- И правда - одни голубые бобры! Бедная Мария Ивановна! Имение под двойной закладной, пять человек детей!
- И еще купцы! Последний дворянин живет на земле - и это у него естественно; разорится и все живет, и все. естественно, а купцы полезли на землю зачем? Что им земля? Простой выгоды нет, масло в городе купить дешевле обойдется.
- Хотят жить, как господа!
- Вот и пожили: все профуфукал покойник, и, правда, остались какие-то голубые бобры.
- Сиротка, - погладила Софья Александровна по головке Курымушку. Бедная Мария Ивановна, совсем еще молодая женщина.
Пришла мать с платком в руке, в слезах, обнялась со всеми, сказала:
- Теперь всю жизнь работать на банк!
- Эх, Мария Ивановна, мы все на банк работаем.
- Ну, вы - дворяне, вас все-таки опекают.
- Зато вы такая здоровая и сильная.
- Да, это была наша коренная ошибка, не нужно было нам забираться в деревню, все равно земля рано или поздно перейдет мужикам.
- Почему вы так думаете?
- Потому что им волю объявили, а земли не дали. Их много, они одного хотят - земли и своего добьются: земля непременно перейдет мужикам.
Из всех этих разговоров Курымушка заметил себе много неприятных вещей: какой-то Банк схватил маму, и она теперь будет на него работать; еще нехорошее, что он - сирота, что "мы - купцы" и что земля перейдет мужикам. Хороши были только голубые бобры, но и то над этим смеялись.
БЛЕДНЫЙ ГОСПОДИН
Далеко до солнца, но мать всегда до солнца встает и уходит в поля, никогда ее летом поутру не увидеть Куры-мушке. Только за обедом она сидит загорелая, как бронзовая, и могучая, ест и сама разговаривает со старостой Иваном Михалычем.
- Рыжка - того?
- Причинает, Марья Ивановна!
- А Бурышка?
- Не того!
- Опять ты за свое: "не того, не того"! Говори языком человеческим, я тебя спрашиваю: Бурышка... того?
- Пошла в передои.
Вот те раз! Ну, как же ты это допустил?
- Да это не я.
- А кто же, не ты?
- Бык ослабел.
- Вот те раз! Ты с ума сошел! "Бык ослабел"! Ты сам ослабел.

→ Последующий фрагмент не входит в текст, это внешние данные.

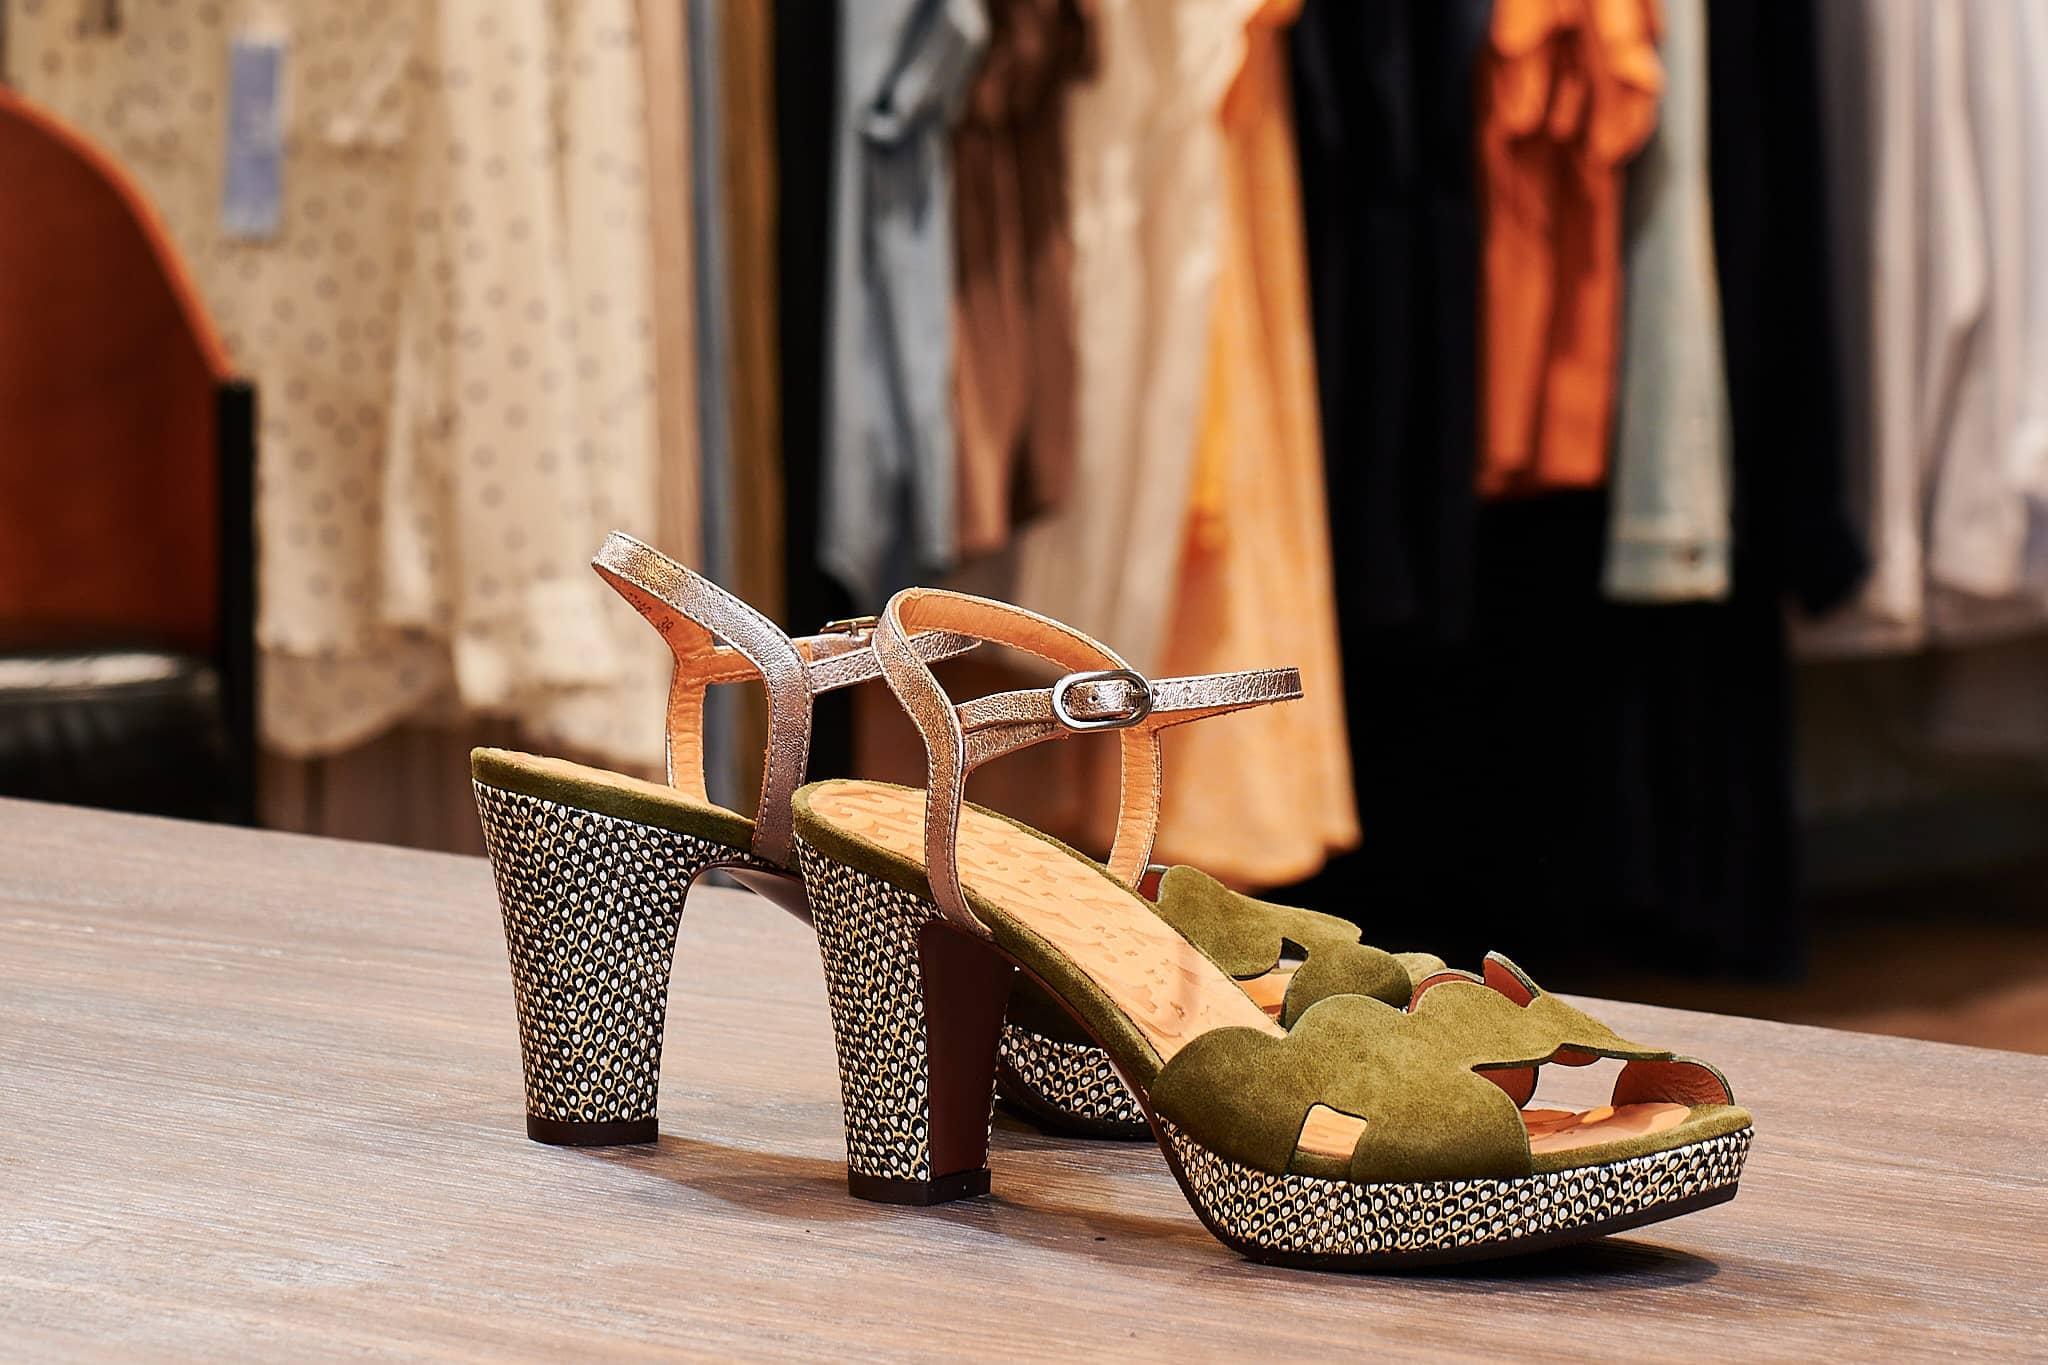 Chie Mihara Sandalette Grün

И так весь обед точит она Ивана Михалыча. Ничего в этом не понимает Курымушка, и только жалко ему и даже страшно бывает подумать, что старшие от ранней весны и до поздней осени должны работать на Банк.
Кто это Банк и где он? (На небе господь живет, а Банк - в городе, на синее небо летают птицы, в город ездят на лошадях, и там - Банк.) Все работают с утра до вечера на Банк, - Иван Михалыч, мать и особенно мужики.
Только поздней осенью, когда начинает рано темнеть, навещает часто соседка Софья Александровна, ходит по коридору до забитого на зиму зала и обратно в столовую, до самого кресла Курым, откуда он все слушает и обо всем думает. Бывает, приходит из своей школы тетя Дунечка; с ней мать говорит про Софью Александровну, а с той про Дунечку и о том, как можно освободиться от Банка.
- На ле-галь-ном положении, - говорит Дунечка, - я долго работать не буду, это я временно.
- Да, только бы освободиться от Банка! - постоянно говорит мать.
- Нужно терпеть, - учит Софья Александровна, - наша вся жизнь есть долг и терпение.
Про это вот больше и спорят все: ни мать, ни Дунечка не хотят терпеть, им только бы как-нибудь освободиться от Банка, а Курымушка мало-помалу складывает себе историю про Софью Александровну и про Дунечку.
Было, представляется Курымушке, три жениха у Софьи Александровны, два были хорошие и один Бешеный. Софья Александровна посоветовалась со старцем, ей было велено идти за хороших. Но это Курымушка хорошо понимал, - если велят по-хорошему, то хочется идти по-плохому: Софья Александровна вышла за Бешеного. И началась беда: Бешеный барин раз все стулья поломал, и как ругается! Его слышно здесь на балконе. А еще Бешеный барин - и это хуже всего - был а-те-ист. Что это значит, Курымушка думал-думал и не понял. Раз Софья Александровна убежала из дому сюда и не знала, как быть ей дальше, но вспомнила старца, написала ему. "Сама виновата, - ответил старей, - не нужно было выходить, а если вышла, терпи до конца и спасешься". С этого дня Софья Александровна стала все терпеть и во всем слушаться старца.
Все это шепотком от прислуги, - это все большие тайны, а про хозяйство начинают всегда громко:
- У вас почем стала рожь?
- По восемнадцать копен.
- Хорошо! Вязь большая?
- Не обхватишь снопища.
- Как все у вас ладно выходит!
- Я во всех даже мелочах со старцем советуюсь. А как вы с травой на валах? Бабы тащут у вас?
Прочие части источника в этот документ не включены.